Are you a librarian/Library sciences student? I would love to hear about your reading habits? Did your habit change after you become a librarian?



The Article: An academic journey

Posted on

photoWhile craft, sewing and food are definitely a time consuming passion, my Master’s degree in Library and Information Science often takes centre stage. This semester, I have had the opportunity to devote all of my time exploring one issue; seniors, social technology and public libraries. The inspiration for this project came from helping a couple of seniors in my life through their technology use and witnessing the problems and barriers they faced. The project involved interviewing seniors to find out exactly how they use social technologies and then comparing the results to the programs that public library offer.

Developing a project from scratch presented several challenges. The research problem needed to be succinct and focussed, meaning that the multitude of ideas I had identified in my initial thinking needed to be pared down. The aim was to clarify my thinking and to sift out the central themes that could lead to a tidy article and be interesting enough keep focus over the duration of the semester. This was achieved in the project, however, at times I found it very difficult to funnel the large amounts of information I was dealing with into tight parcels of information that supported the overall premise of the project.

The other challenging aspect of this project was process of initiating, setting up and conducting interviews. By nature, I am a fairly solitary being and usually choose to do things by myself if I can. For this project, I had to cold call strangers, explain my project and what I wanted from each participant, and follow up on calls and emails if people didn’t reply. This process was definitely out of my comfort zone, but an important learning curve in terms of what I am actually capable of. I think sometimes the important lessons learnt don’t necessary come from the topic or the task, but a realisation that you are capable of things that were previously thought uncomfortable and avoided.

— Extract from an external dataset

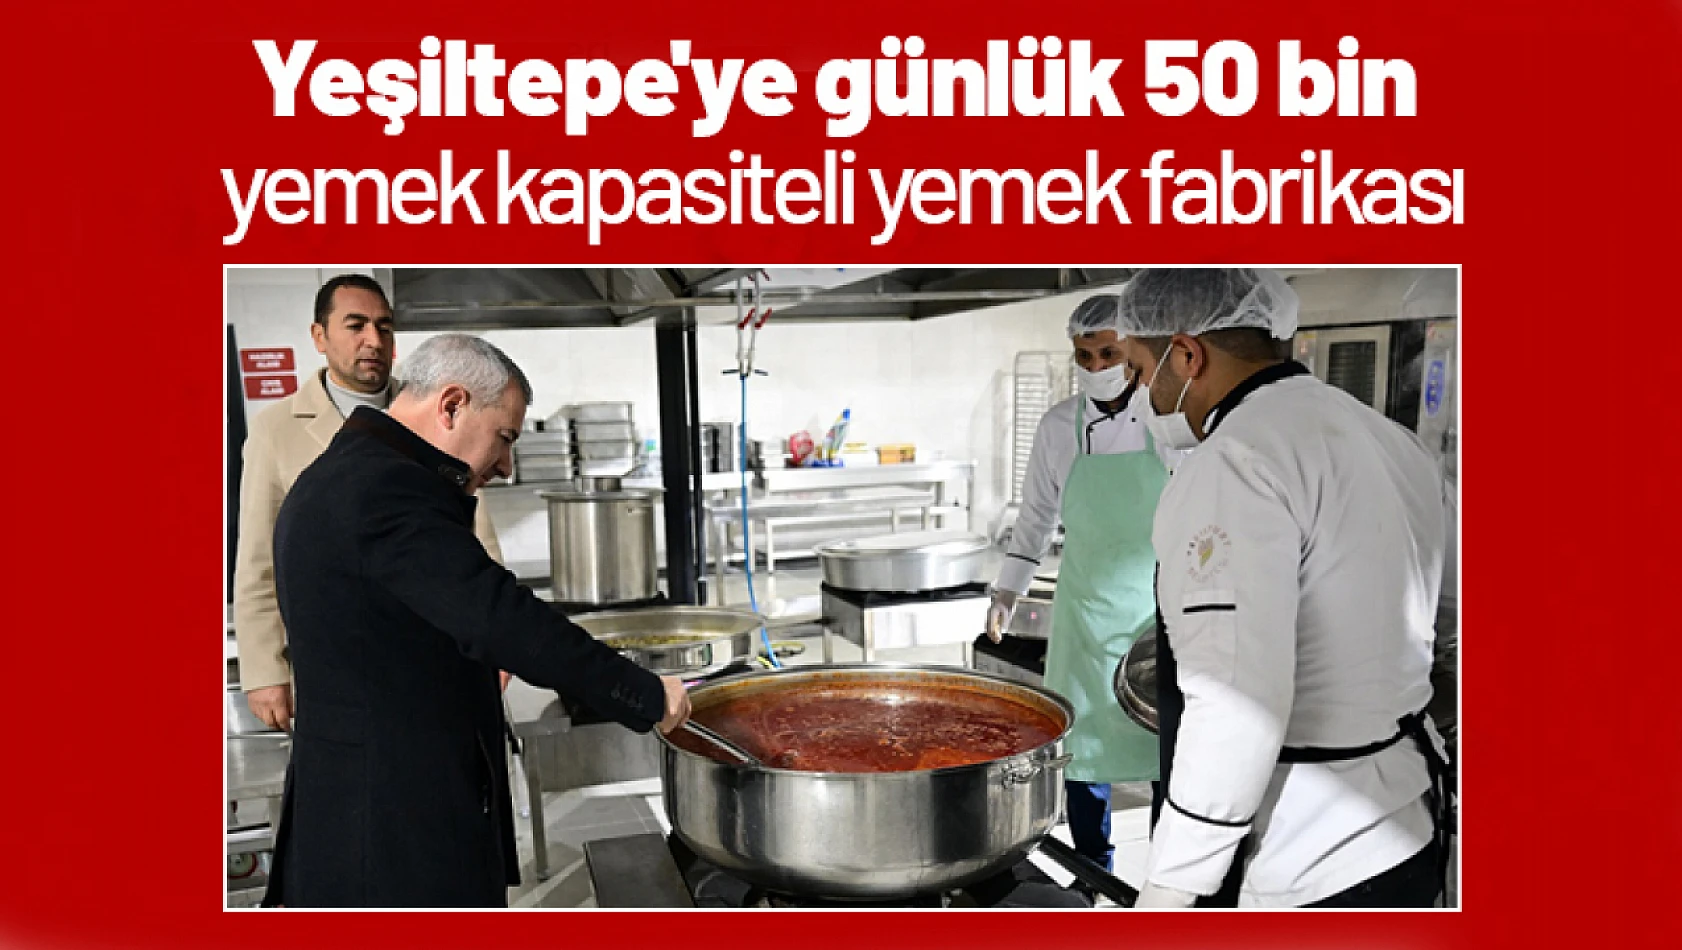 Yeşiltepe'ye günlük 50 bin yemek kapasiteli yemek fabrikası...
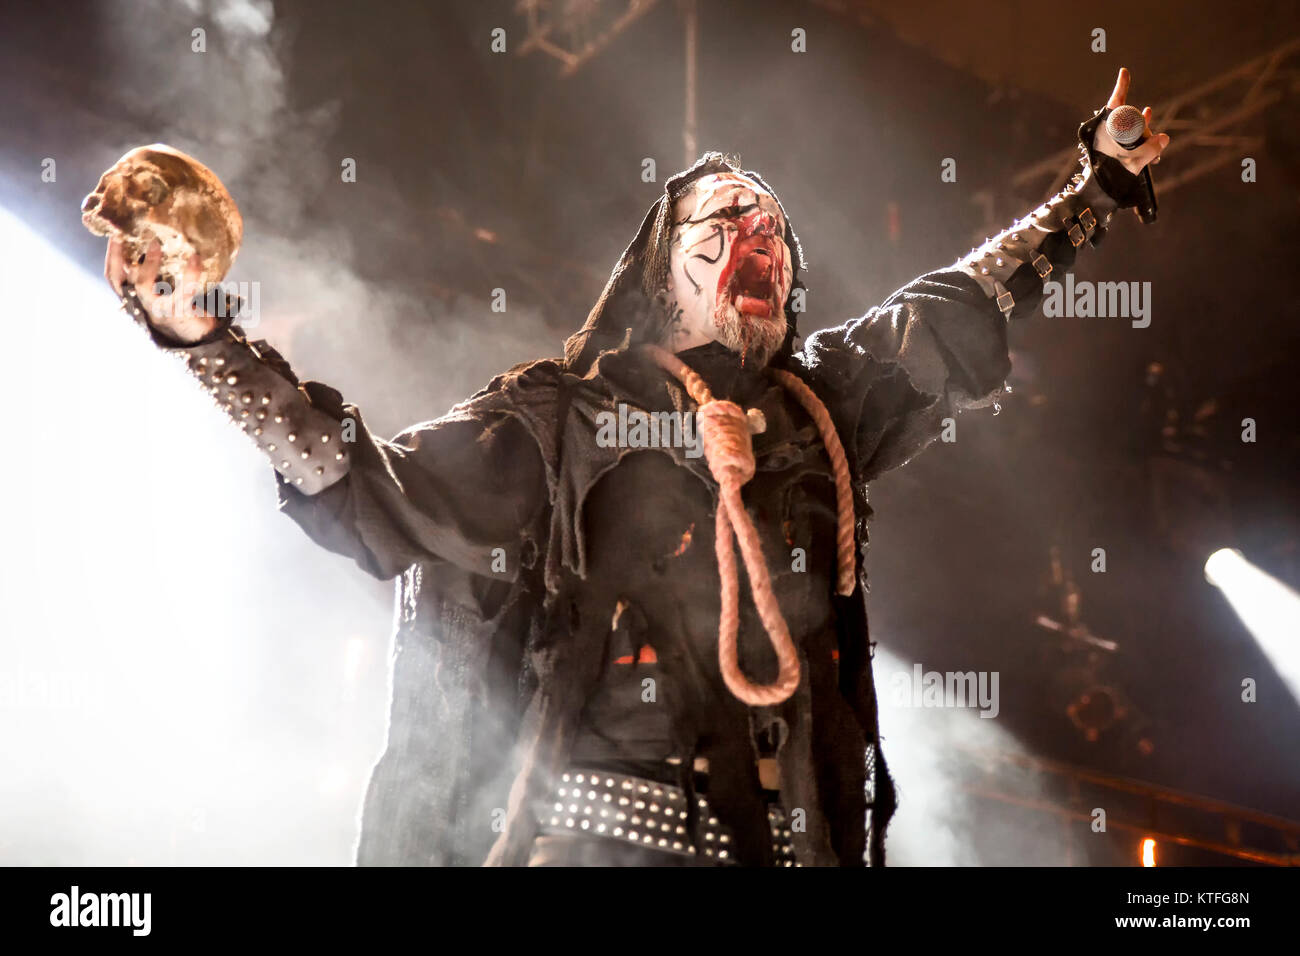 Die norwegische Black-Metal-Band Mayhem führt ein Live Konzert in der norwegischen Musik Festival Øyafestivalen 2014. Hier Sänger Attila Csihar wird gesehen, live auf der Bühne. Norwegen, 08.08.2014. Stockfoto

The advantage of devoting an entire semester on one project is the depth of understanding that is developed about the topic and the insights that this can bring. Before I began this project I had a static view of what a senior and technology looked like. It was a person who had no interest in technology and was fearful of how it worked and what its use meant for society. Actually talking to seniors about their technology use showed me that in reality, seniors had complex views of technology and were largely positive about the effect it had on their lives. I think that this is an essential lesson for a new librarian. Client’s can’t be taken at face value, they each have unique information or entertainment needs which should be met on an individual basis, not with a blanket solution.

At the end of this semester, I am a little bit brain dead, but glad that I decided to undergo this project. It was interesting (and at times scary) to be on the other side of producing an academic article, after spending so many years relying on them to learn and finish assignments. I have an intense appreciation for the time, effort and energy that it takes to arrive at the final five thousand words.

A big thanks to Zaana Howard for the support and mentorship this semester. Thanks also to Paul Edwards and Amanda Fitzsimon for their encouragement, and of course, to all my lovely participants for their time!